# Barbie Dolls, Newest Edition:



## HiDesertHal (Jun 13, 2017)

The latest Barbie Doll is called "The Divorced Barbie".

She comes with all of Ken's posessions.

HDH


----------



## User2017 (Jun 13, 2017)

read this recently:

One day a father gets out of work and on his way home he suddenly remembers that it's his daughter's birthday. He pulls over to a Toy Shop and asks the sales person, 'How much for one of those Barbie's in the display window?' The salesperson answers, 'Which one do you mean, Sir? We have: Work Out Barbie for $19.95, Shopping Barbie for $19.95, Beach Barbie for $19.95, Disco Barbie for $19.95, Ballerina Barbie for $19.95, Astronaut Barbie for $19.95, Skater Barbie for $19.95, and Divorced Barbie for $265.95'. 

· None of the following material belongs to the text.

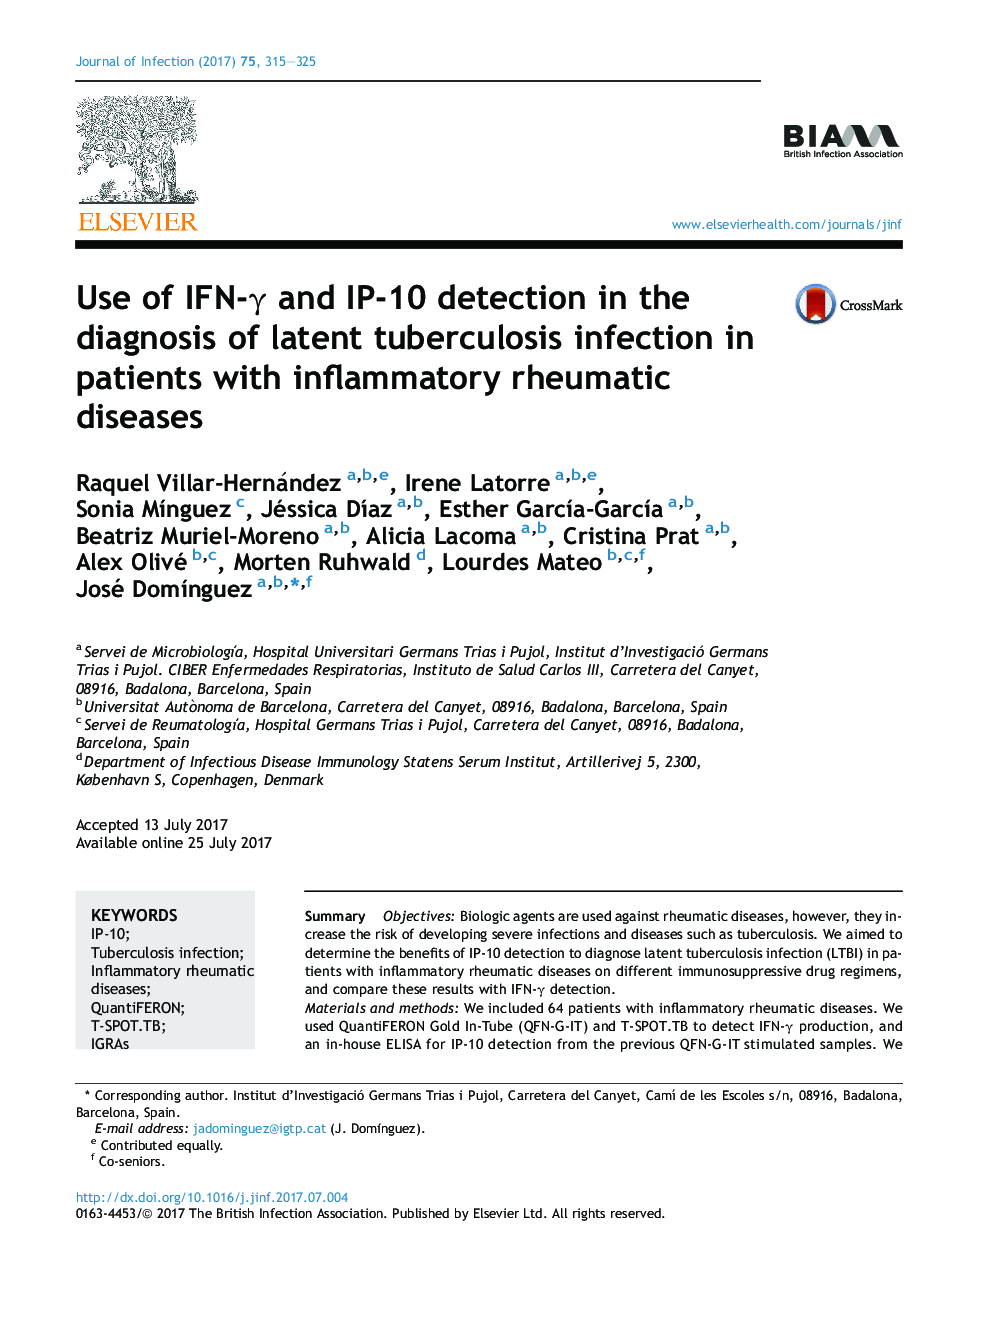 Use of IFN-Î³ and IP-10 detection in the diagnosis of latent tuberculosis infection in patients with inflammatory rheumatic diseases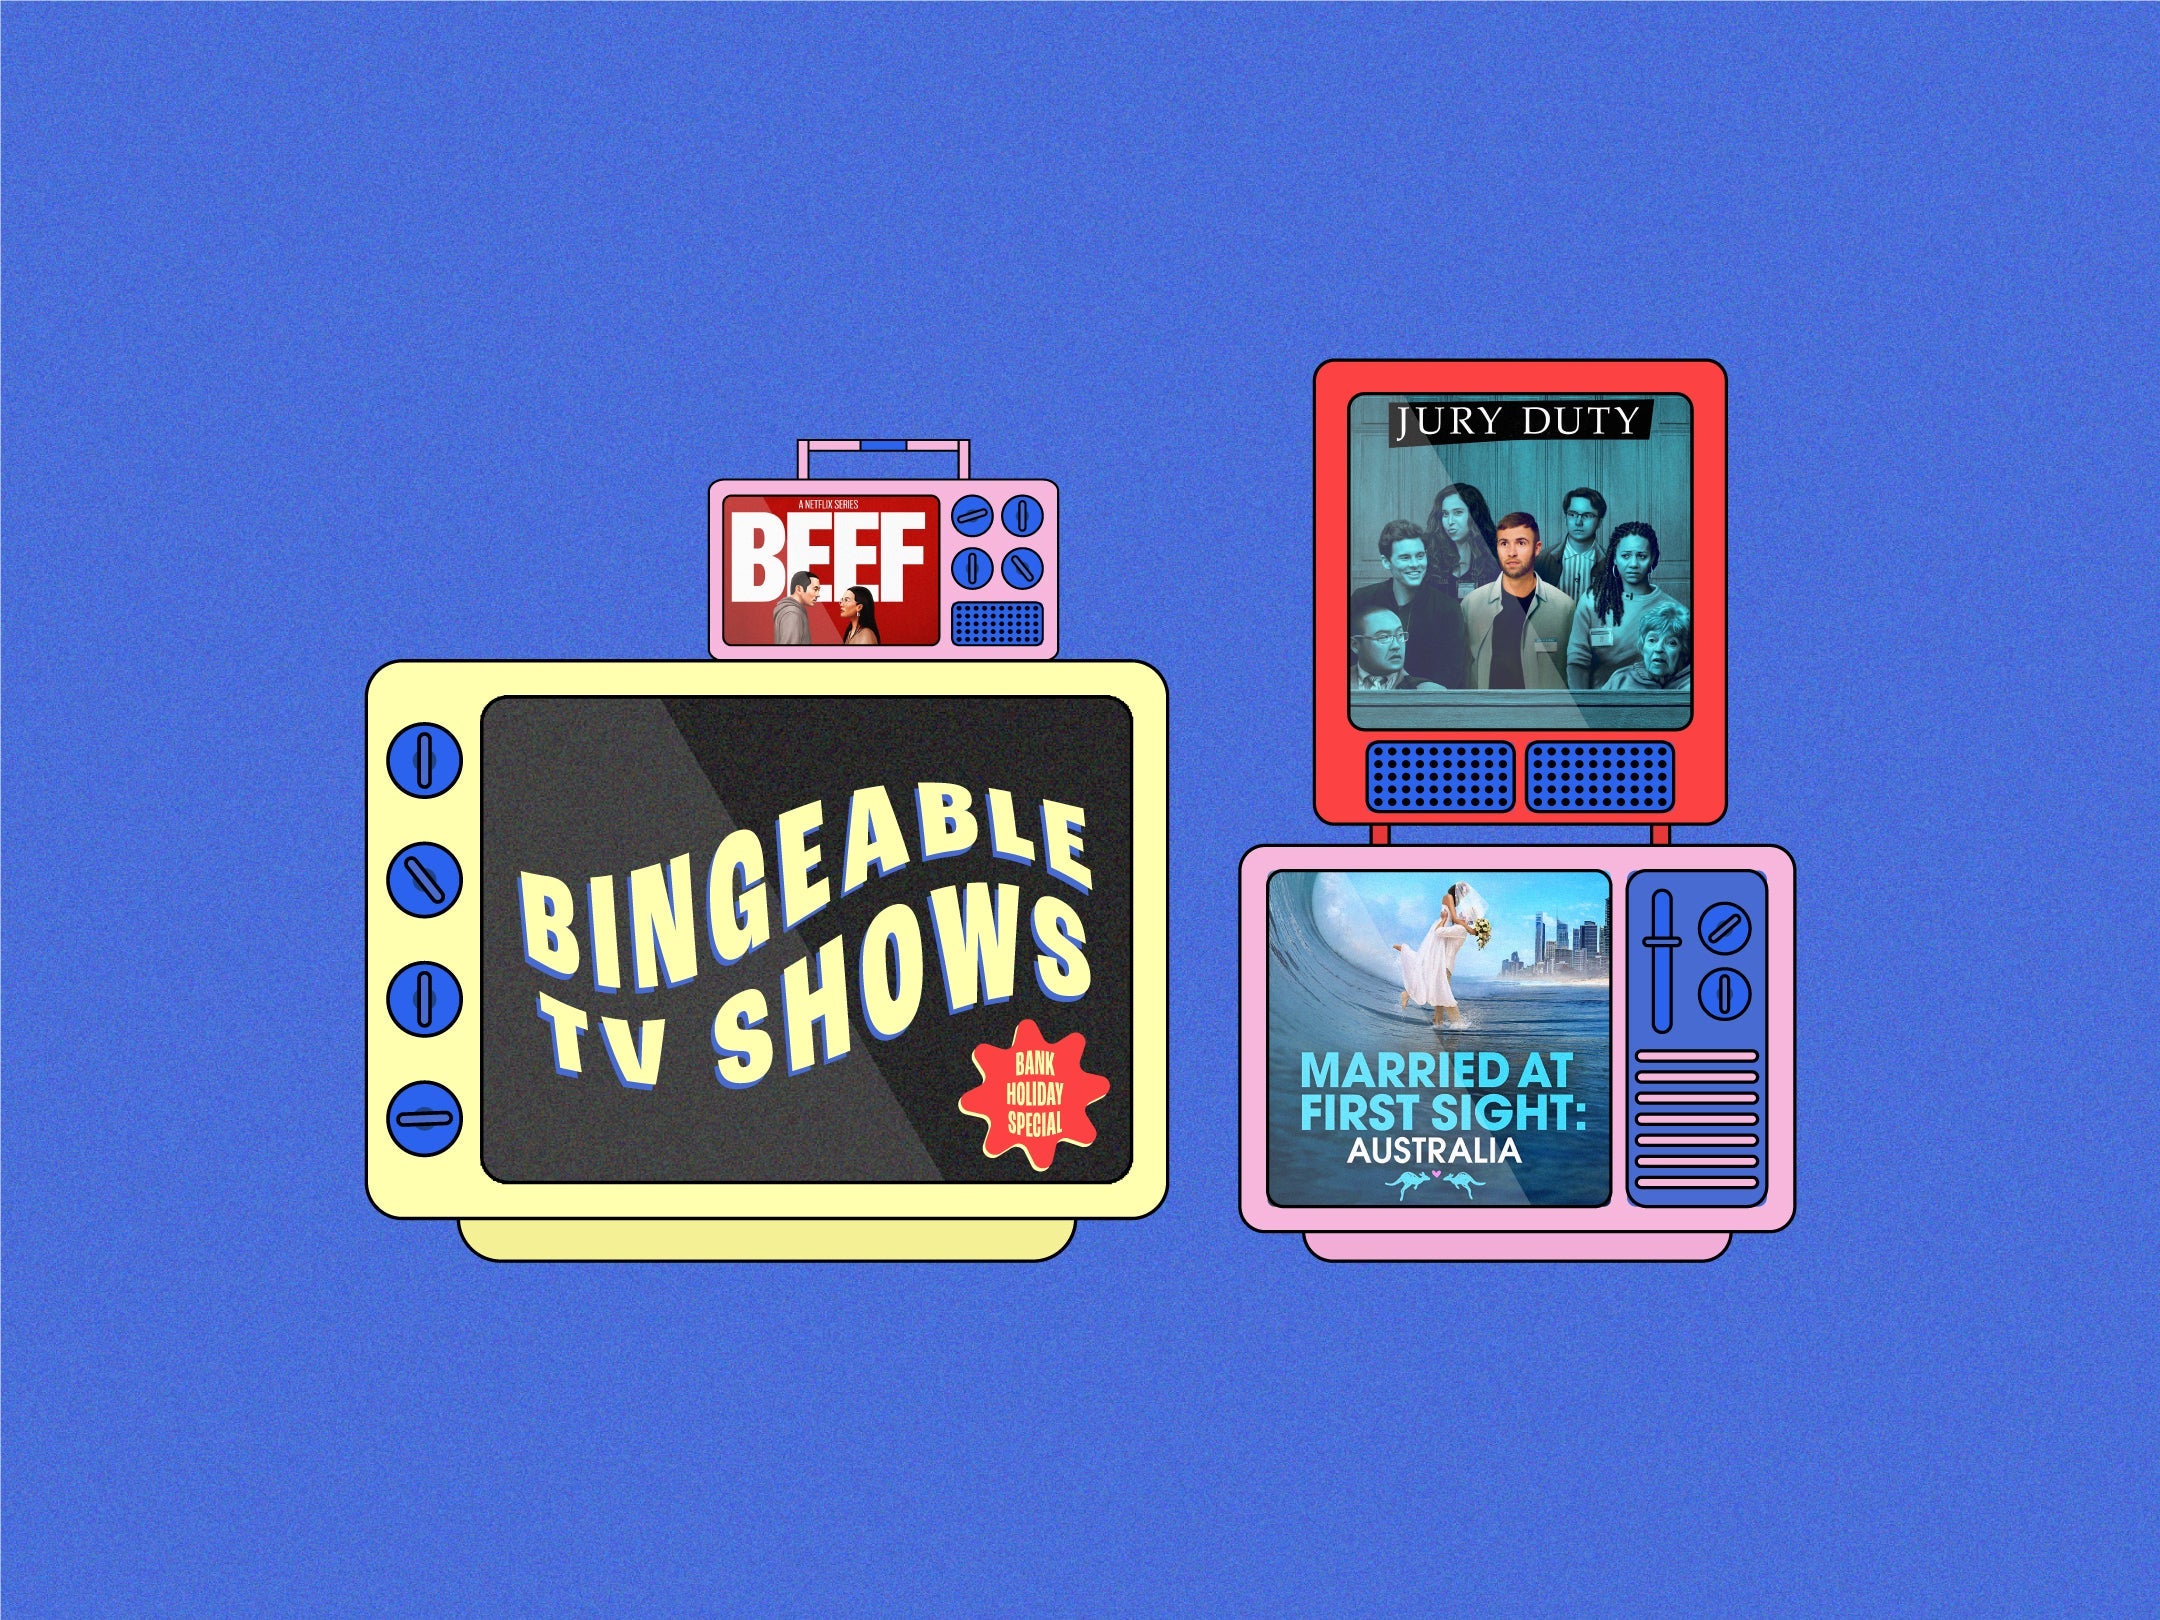 Our Top Bingeable Tv Shows Blog Posts

The amazed father asks: 'It's what?! Why is the Divorced Barbie $265.95 and the others only $19.95?' 

The annoyed salesperson rolls her eyes, sighs, and answers: 'Sir..., Divorced Barbie comes with: Ken's Car, Ken's House, Ken's Boat, Ken's Furniture, Ken's Computer, one of Ken's Friends, and a key chain made with Ken's balls.






:lofl:


----------



## ProsperosDaughter (Jan 26, 2018)

I know this is an old thread but it is very funny!


----------